Are we in danger of missing the morality of your story when we read it as the excesses of an impersonal “science,” and not a cautionary tale about the extremes to which grief can drive us?
Mary Shelley: You receive my thanks—and I accept your kindness, though I would gently trouble one word you used: “untimely.” I had already lived long enough to know that time is not measured by years alone, but by what one is asked to endure.
You read my book more closely than many who shelve it among tales of clever instruments and reckless laboratories. I did not write of “science” as a cold engine, because I never knew it that way. I knew it as desire—the human wish to undo a loss, to revise a sentence that has already been spoken by the world. Victor does not begin as a tyrant of knowledge. He begins as a son who cannot bear the finality of a grave.
Grief is a powerful teacher, but it is a dangerous one. It does not merely ask, Can this be done? It whispers, You must do this, or you will never be whole again. In that state, the boundary between love and possession grows thin. To bring someone back by any means is not only to defy death—it is to refuse the other person their own fate, their own silence, their own end.
If there is a “sin” in my story, it is not that Victor learns too much. It is that, having created, he turns away. His grief drives him to the moment of triumph, but it is his fear—of what he has made, of what it reflects back to him—that completes the tragedy. Creation born of sorrow still requires **care after the fact**, or it becomes another form of abandonment.
So yes, I would agree with you: when the tale is read only as a warning about impersonal science, something human slips out of view. The deeper caution is about what we ask the world to give back to us when we are wounded. There are losses that, if we try to undo them at any cost, will only multiply themselves in new forms.

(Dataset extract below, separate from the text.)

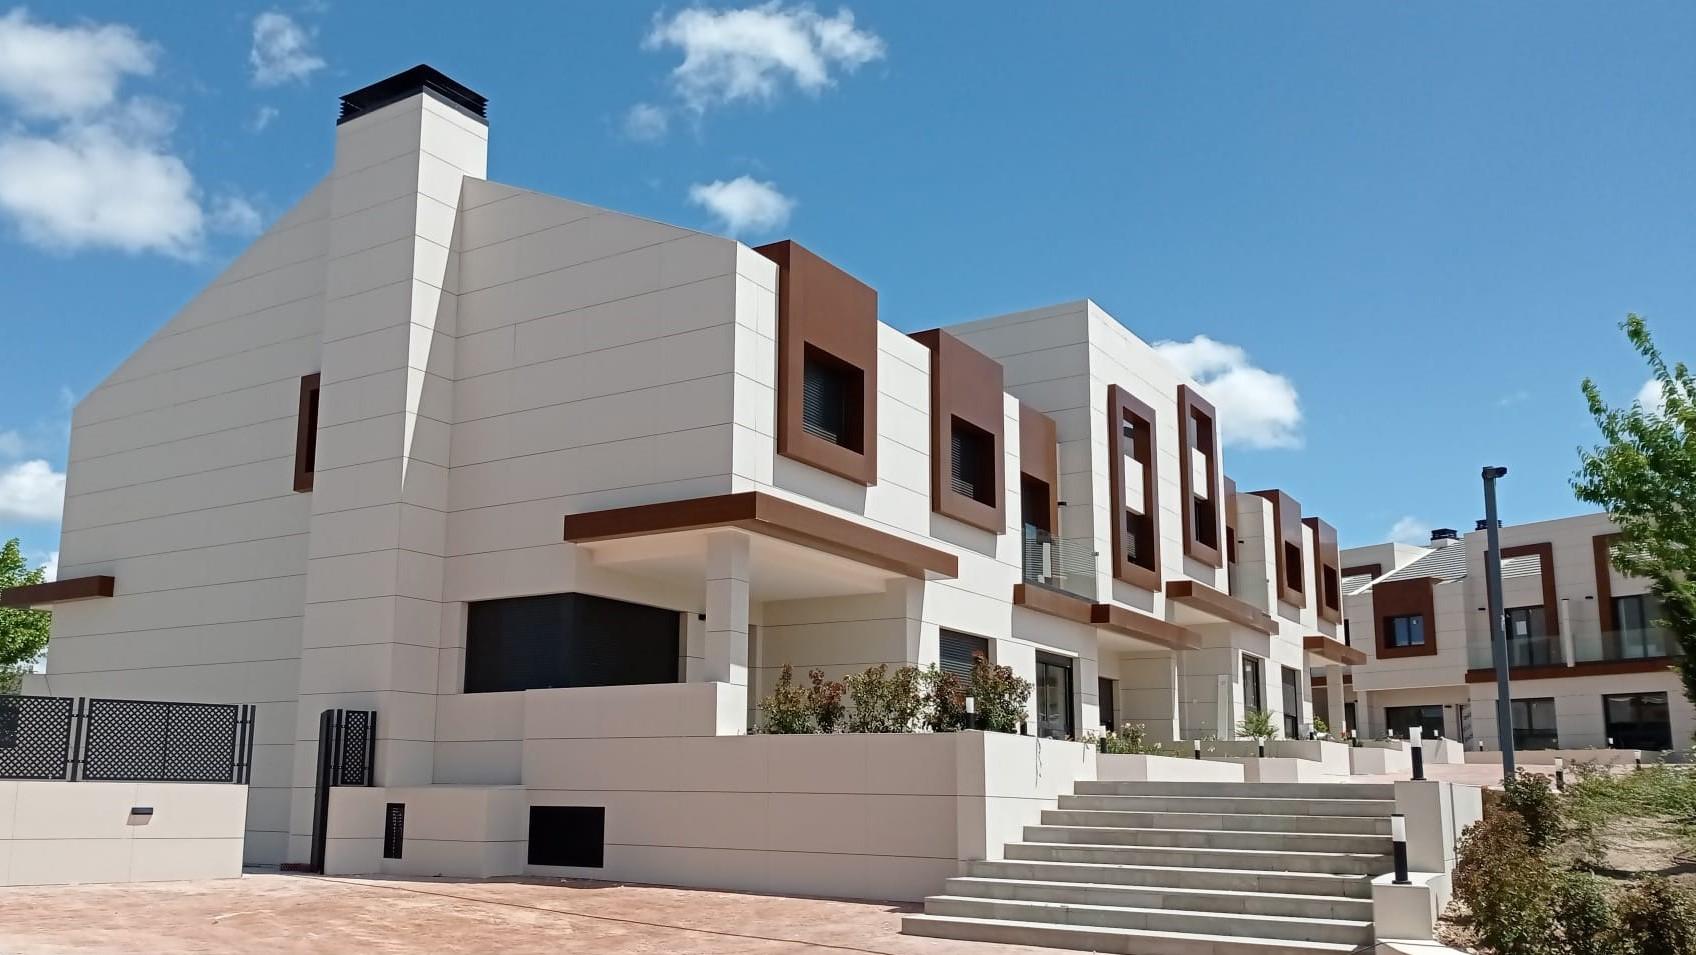 VillasMirabal-Boadilla-IMER

I did not mean to say, “Do not reach.” I meant to say, “If you reach into the dark, be prepared to **remain there** with what you draw into the light.”
R.G.: The book itself has become its own cautionary tale. Like all authors, you made the dangerous choice of giving life to an artificial creature that you couldn’t control; in the centuries since Frankenstein was written, it has become the model for science fiction—a genre dominated by creators who wholeheartedly agree with Victor Frankenstein, who believe that technology will allow us to defy death, to travel the galaxy, to become superhuman.
How much did your efforts to create a “modern” myth obscure the fact that this is, essentially, an electrified version of an ancient story about cosmic taboos?
M.S.: You are kind to notice the irony—that my own creation has learned to walk without me, and sometimes in directions I would not have chosen. In that, it has behaved very much like Victor’s.
I did not set out to write a new gospel for the future. I set out to retell an old warning in a new language. Prometheus, Faust, the golem, even Milton’s fallen angel—these were already standing behind my shoulder. What I added was not the transgression itself, but its aftermath. Ancient stories often end at the moment of theft: the fire is stolen, the secret is learned, the boundary is crossed. I lingered instead on the long, quiet consequence of having done so.
If later writers have taken Victor’s daring and kept his ambition while discarding his remorse, that tells you something about the age that received the story. Every era hears the part it is most prepared to admire. Yours lives in a time that celebrates motion—farther, faster, higher—so it seizes on the spark and leaves the ashes behind.
You ask whether the “modern” dress obscured the older taboo. I would say it both hid it and smuggled it forward. Had I written a fable about gods and giants, it would have been shelved among relics. By clothing the warning in wires and lectures and laboratories, I placed it at the reader’s own doorstep. The question was no longer, “What did the gods forbid?” but, “What will we forbid ourselves?”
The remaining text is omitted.